Alex (any female or gender neutral pronouns):
I know what you want me to say, about coming out: the secret shame, the “It Gets Better,” the well-adjusted gay adult embracing marriage equality, but that’s not me. That’s not how it happened. My coming out wasn’t this all-in-one, family dinner, Facebook post I could just get it over with all at once, it’s a lifelong process. Starting back in elementary school with jerks (“You’re a faggot”) and my friends (“Everyone thinks I’m gay just cuz I’m friends with you”) and my Junior High boyfriend (“Everyone knows about you, and if everyone knows about you they’ll know about me, and if they know about me I’ll never talk to you again, I’ll hate you, I’ll hurt you.”) And then in High School, my Drama teachers (“Bisexuality is a lie! It’s a phase, pick a lane!”) I never felt shame for who I was or who I wanted to be with, but shame was planted inside of me. All I knew is I liked people, and hugging and laughing, and sharing secrets at sleepovers. But shame was planted in me and so I carried it around. I carried it through trying out for cheer leading and, “Why are you friends with only girls?” and getting my head slammed into tile and knocking out my two front teeth on Take Your Daughter to Work Day. And so I carried it.
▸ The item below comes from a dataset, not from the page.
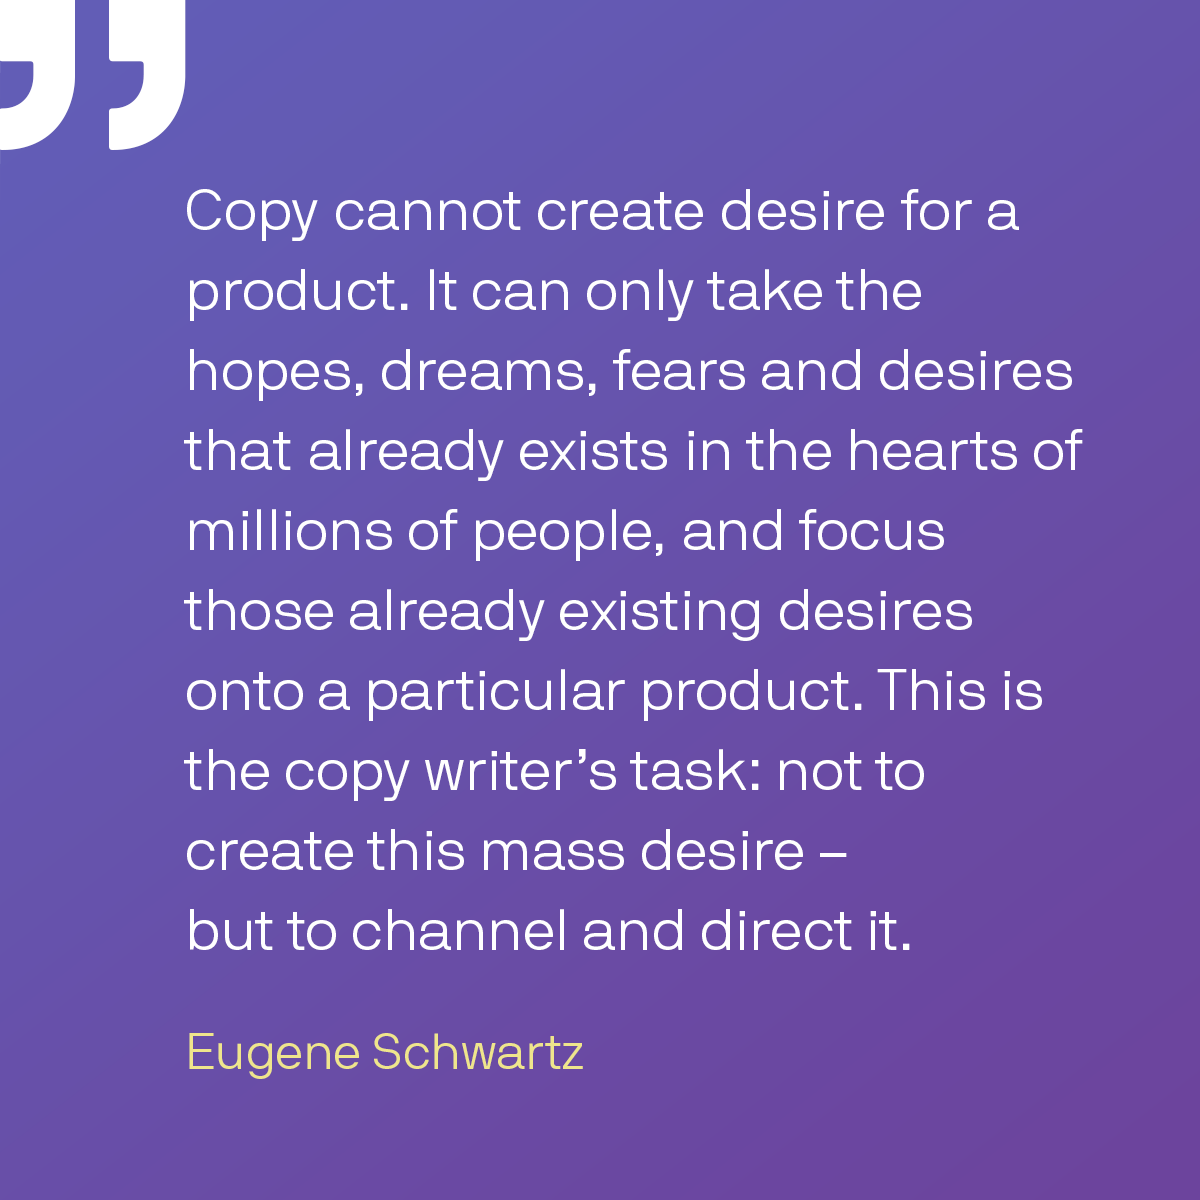 A quote from Eugene Schwartz

And then I started to find words that made a bit more sense to me, like “transgender” and “genderqueer” and “woman trapped in a man’s body,” except I’m not trapped in a man’s body, I’m trapped in a man’s role. So I came out, again in 2012 to my family, my friends, my co-workers. They all know I’m a girl. Everyone knows I’m a girl but still all day, every day, I have to come out. To gas station clerks, to customers, to Lyft drivers, to therapists, to Grindr hookups, to the lawyer for my DWI case. Everyone knows I’m a girl, or “that I think I’m a girl,” but still, all day, every day, I get a lot of “sir”s and “bro”s…being treated as a man even though I’m a woman, even I begin to question it, it gets in my head. The shame and doubt are planted too. So I have to look at myself, and come out to myself: as a queer, as a woman, of someone worthy of love, as someone with a lot of love to give. And when I do that, it gets better.
Context about the monologue: This is an original stand-alone monologue from a video project.